Tuesday, April 30

Ziarah Teluk Mutiara


28 Februari 2024


Oleh: Dera Liar Alam


MEMORIES diserap berita — langit maha luas ditaburi mitos: demikian, ambang siang saya meramu huruf di tepi pesisir menanggapi tanah perkara. “Teluk Mutiara entah kapan diberi nama begitu dan apa maknanya? Sama nama, ada kecamatan di pinggir kota yang diberi nama Teluk Mutiara. Namun, negeriku hari ini dikuasai kaum borjuis penjajah laut dengan jaring-jaring penangkar mutiara seakan menjepit nelayan kampung mengais rezeki di pesisir di samudera,” ucap Avuineng menanggapi foto yang saya taruh di halaman sosial media.

Bersua di Aston – Pasir Panjang, Kupang, dengan Avuineng dan bercerita panjang lebar berbagai soal.
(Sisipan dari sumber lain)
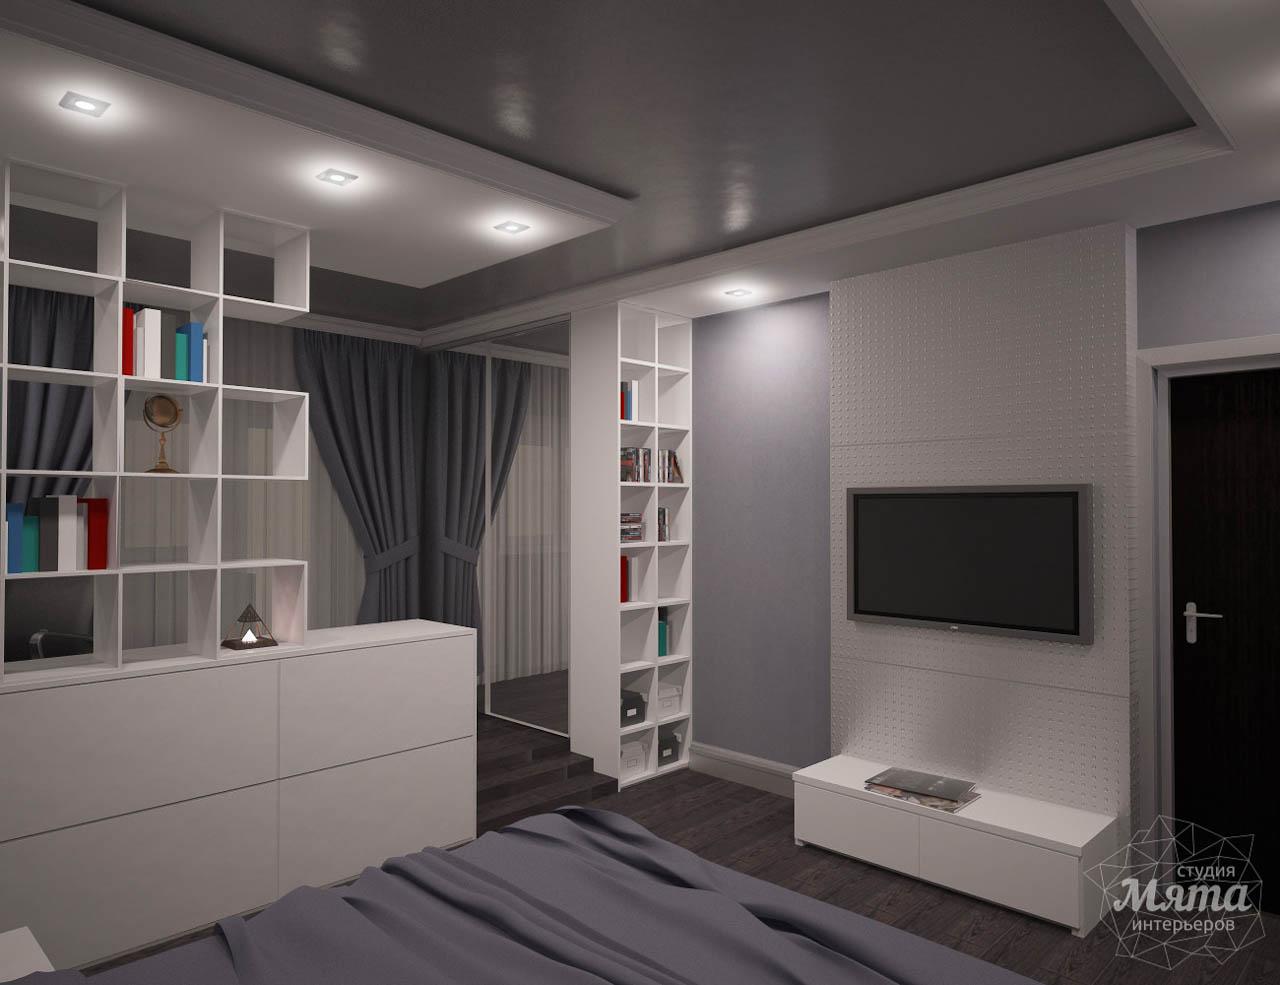 Дизайн интерьера однокомнатной квартиры по ул. Посадская 34 img1564223919

Avuineng, lengkapnya Marthin Atabuy Avuineng, kawan yang kritis terhadap hal-hal politis di tanah air. Bicara kontroversi itu kami suka. Mengingat arus dingin yang damparkan ikan-ikan hasil laut, atau politik kurang makan kurang minum, namun rakyat tetap mabuk teori penguasa. Belum menyentuh babad mas kawin yang dipelintir surat nikah, Avuineng bertutur potensi wisata, mezbah di Dola Koyakoya. Saya ngolor-ngidul perkara senja, ufuk, warna yang selalu berubah waktu demi waktu tak pernah sama. Musim bunga, awal tahun selalu dominan hijau di Negeri Timur Matahari, lalu merah dan jingga kontras di sejumlah titik.
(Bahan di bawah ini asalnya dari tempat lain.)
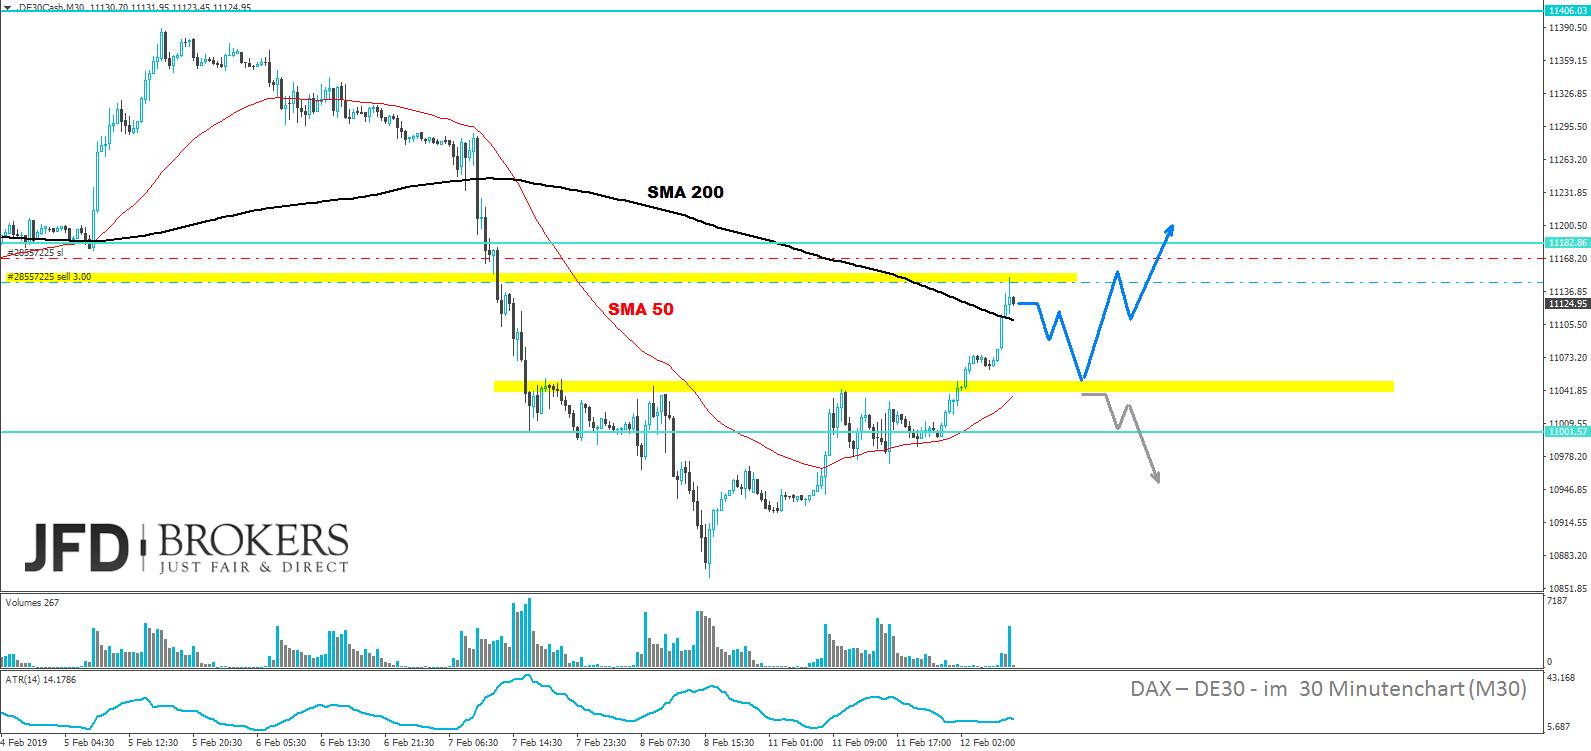 DAX-Heute-kaufen-oder-abwarten-Kommentar-JFD-Brokers-GodmodeTrader.de-2

Teluk Mutiara di mana saya menutur kisah ini di sana derai masih saja ramah mencumbu pemukiman di sekujur asin air lautnya, hanyut kenang, bayang-bayang memanjang senja terbilang, lampu-lampu padam, lampu-lampu terpasang, gelap ranum, buah-buah asing di dermaga ujung kampung, mengeja Adang, Buom, Air Kenari, Fanating, Motongbang, Teluk Kenari, Binongko, Kalabahi Barat, Kalabahi Kota, Kalabahi Tengah, Kalabahi Timur, Mutiara, Nusa Kenari, Welai Barat, Welai Timur, Wetabua, dan seterusnya nama-nama yang pernah jadi situs persinggahan fana.
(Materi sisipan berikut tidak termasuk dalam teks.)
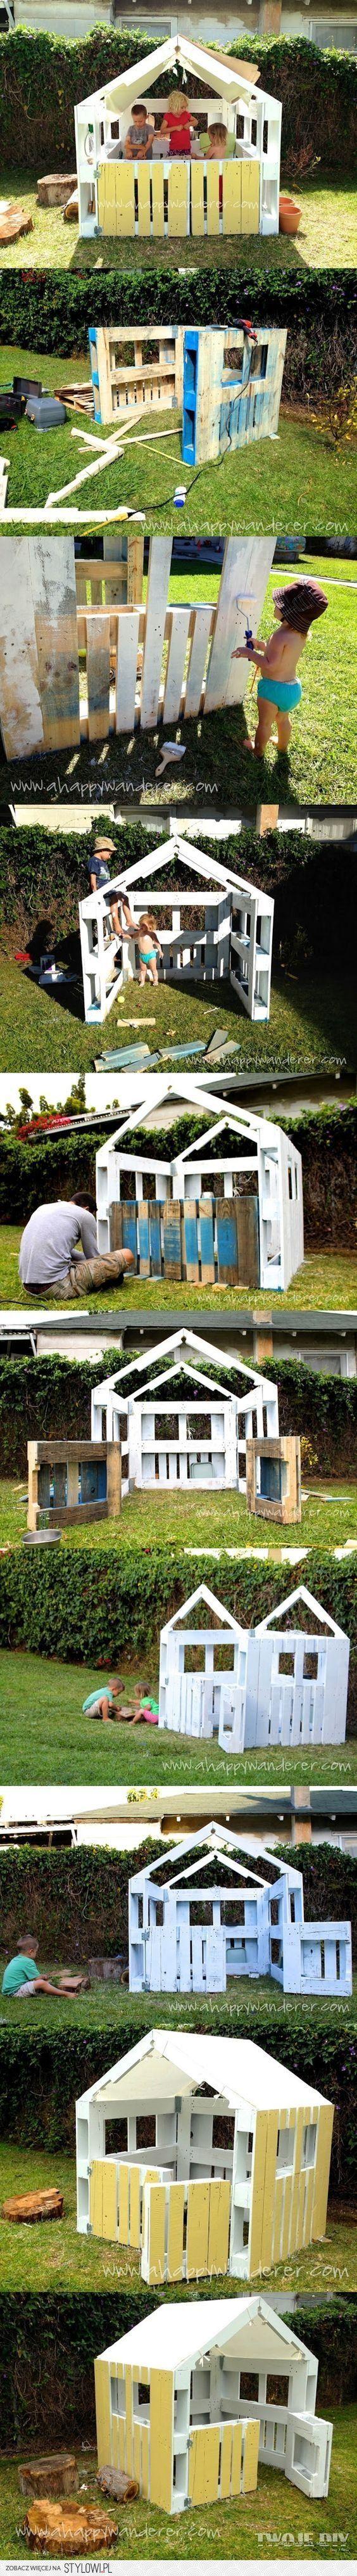 projet cabane pour baby Noé... quand il sera plus grand :-)

Pernah suatu malam bertandang di rumah Avuineng. Saya membeli beberapa bungkus rokok, dan kami ngobrol hingga larut. Tak sempat saya umbar kisah foto-foto di teluk manakala collocalia vestita ramai melintas di cakrawala. Lincah dari ketinggian sang collocalia vestita terkadang menyambar arus atau menukik di gelombang. Itulah babad unggas sayap meruncing, collocalia vestita, selasatu penerbang tercepat menempu seratus enam puluh sembilan kilometer per jam dalam penerbangan horizontal sebagaimana dicatat Supercharged swifts fly fastest. Piper Ross di Extraordinary Animals: An Encyclopedia of Curious and Unusual Animals, menyebut yang mana wallet, yakni collocalia vestita, biasa dapat terbang dengan kecepatan maksimum tiga puluh satu meter per detik – atau sekitar seratus dua belas kilometer per jam. Dalam waktu satu tahun, collocalia vestita dapat menempuh jarak setidaknya dua ratus ribu kilometer. Burung-burung di beberapa tempat jadi penanda, jadi lambang. Orang-orang di sana juga mengenal walet sejak dulu. Walet ada di goa-goa karang jauh dari pemukiman, namun ada juga walet di bumbungan rumah. Beberapa yang terperangkap dan jatuh, jadi mainan anak-anak.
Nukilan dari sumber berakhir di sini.